Value of a national burden-of-disease study: a comparison of estimates between the Australian Burden of Disease Study 2015 and the Global Burden of Disease Study 2017.

2021 
BACKGROUND Estimates of burden of disease are important for monitoring population health, informing policy and service planning. Burden estimates for the same population can be reported differently by national studies [e.g. the Australian Burden of Disease Study (ABDS) and the Global Burden of Disease Study (GBDS)]. METHODS Australian ABDS 2015 and GBDS 2017 burden estimates and methods for 2015 were compared. Years of Life Lost (YLL), Years Lived with Disability (YLD) and Disability-Adjusted Life Years (DALY) measures were compared for overall burden and 'top 50' causes. Disease-category definitions (based on ICD-10), redistribution algorithms, data sources, disability weights, modelling methods and assumptions were reviewed.
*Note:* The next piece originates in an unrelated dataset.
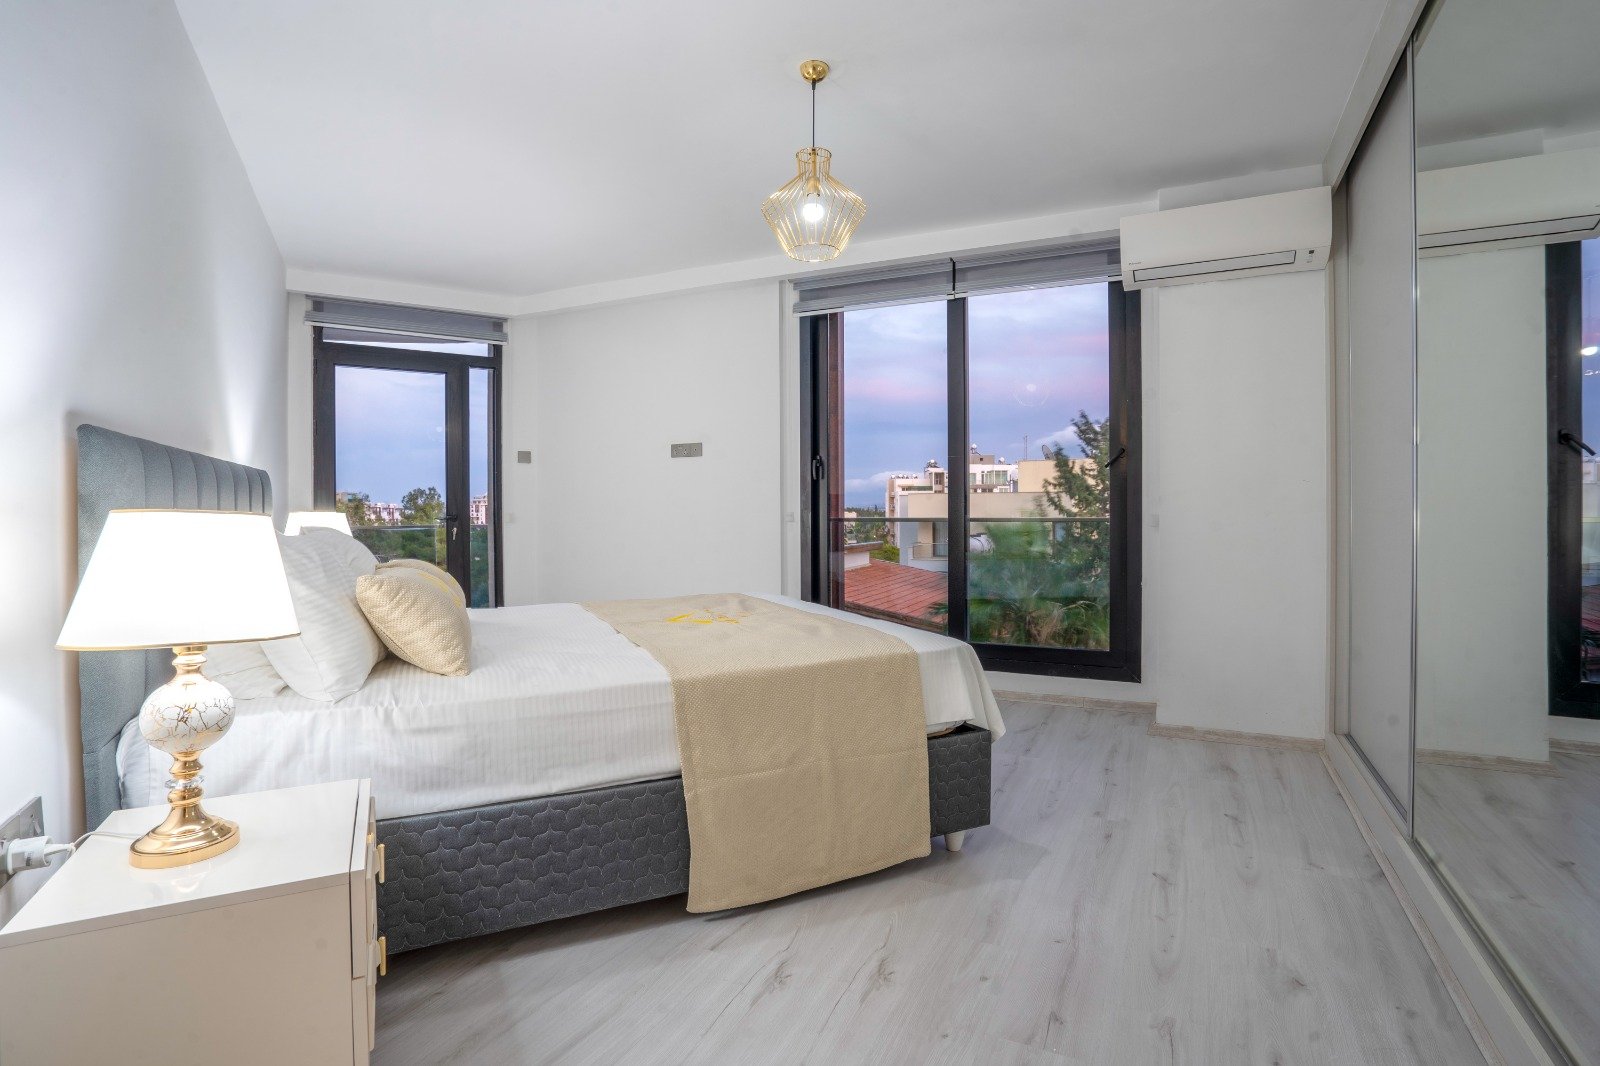 3 Bedroom Apartment For Sale In Kyrenia Center -273a431f-db8a-4533-846f-3c1abd333cb8

RESULTS GBDS 2017 estimated higher totals than ABDS 2015 for YLL, YLD and DALY for Australia. YLL differences were mainly driven by differences in the allocation of deaths to disease categories and the redistribution of implausible causes of death. For YLD, the main drivers were data sources, severity distributions and modelling strategies. Most top-50 diseases for DALY had a similar YLL:YLD composition reported. CONCLUSIONS Differences in the ABDS and GBDS estimates reflect the different purposes of local and international studies and differences in data and modelling strategies. The GBDS uses all available evidence and is useful for international comparisons. National studies such as the ABDS have the flexibility to meet local needs and often the advantage of access to unpublished data. It is important that all data sources, inputs and models be assessed for quality and appropriateness. As studies evolve, differences should be accounted for through increased transparency of data and methods.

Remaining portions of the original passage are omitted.